How many times a day do you tune in your radio and hear records being played? Would you feel deprived if the station you listened to no longer played these records of your favorites?
That is the situation you may soon be facing. It's important enough for several of the networks' biggest stars to have joined hands in a concerted action to ban the records they have made from the air.
In January a decision was handed down in a Philadelphia court which forbade a radio station in the city to play two of Fred Waring's most popular recordings. It was the first time in the history of this country that a decision on this point had been made. Waring has been fighting for over a year for such a decision.
His point was this: The last time he made a record, quite a long time ago, he made it for a recording company that agreed to put a "For Home Use Only" label on each record. That is, you could buy it and play it on your phonograph, but radio stations weren't supposed to buy it and play it over the air. The Philadelphia station played it anyway, feeling that since no copyright precedent had ever been established, it had a perfect right to do as it pleased.
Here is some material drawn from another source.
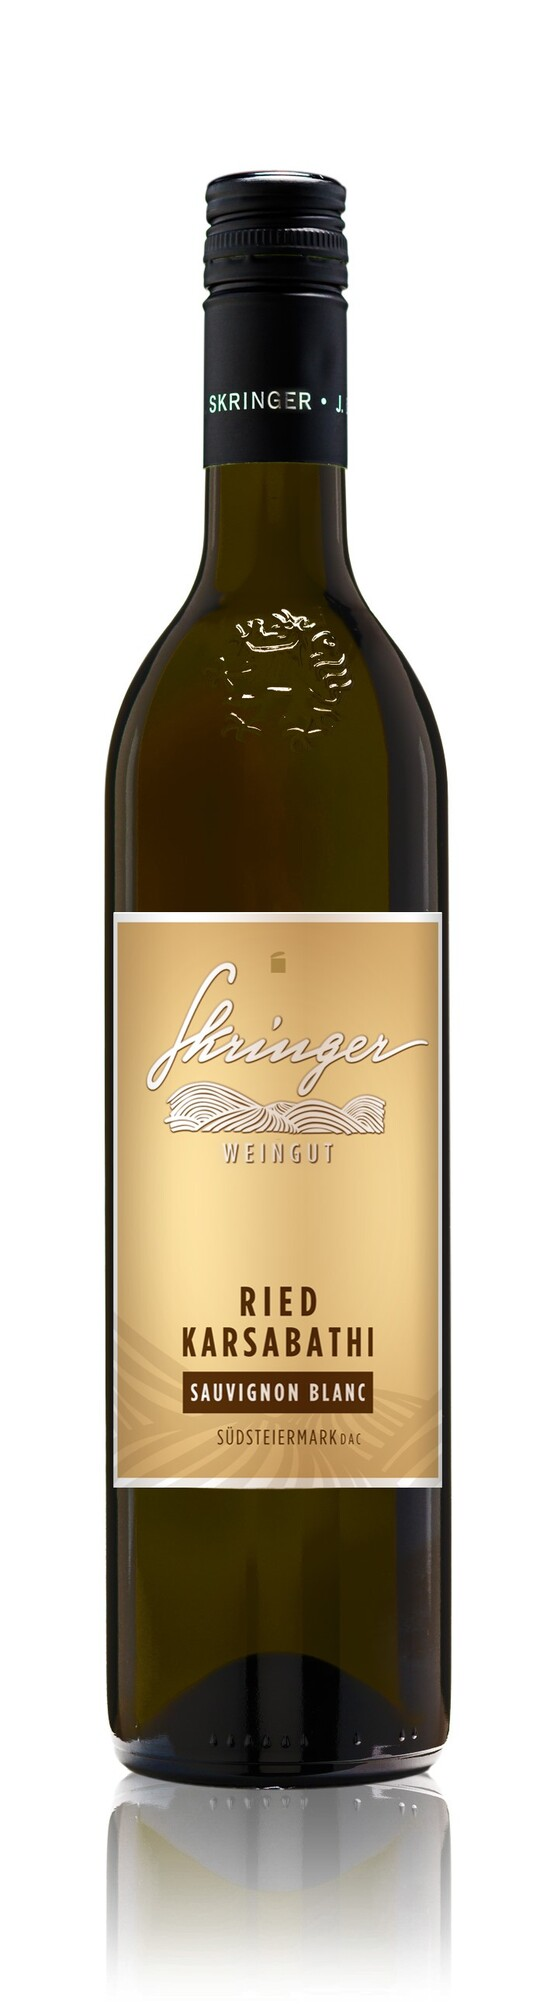 Sauvignon blanc Ried Karsabathi 2019, 0,75l

Now a court has decided in Waring's favor. The case probably will be appealed to a higher court. It may take a year before a final judgment is handed down, perhaps by the Supreme Court itself.
Stars who have commercial programs feel strongly on this point. They claim that when a sponsor is paying them handsomely each week for a program on a large network of stations, local stations should not have unqualified liberty to play their records.
I asked Guy Lombardo for his viewpoint and he wrote me, in part:
"Imagine my astonishment to learn that during a recent broadcast for our present sponsor, whose network included a certain radio station in a Southern city, a smaller station in that same city, at the same hour, broadcast a 'sponsored' program using old Lombardo phonograph records, putting me in direct competition with myself! It is quite evident that the smaller station had sold its sponsor on the idea of capitalizing on the name and the fact that his program and our live program would be on the air simultaneously!"
That incident is not an ordinary one but it shows what can happen and it is a perfect example of why artists like Abe Lyman and Bing Crosby say it is unfair for their records to be put on the air while they're broadcasting. I wonder if you who tune in during the day to records of those bands and singers you like best, hear enough of their music to discourage you from tuning in to their regular network programs. If you do, isn't it logical for those stars to want their records banned?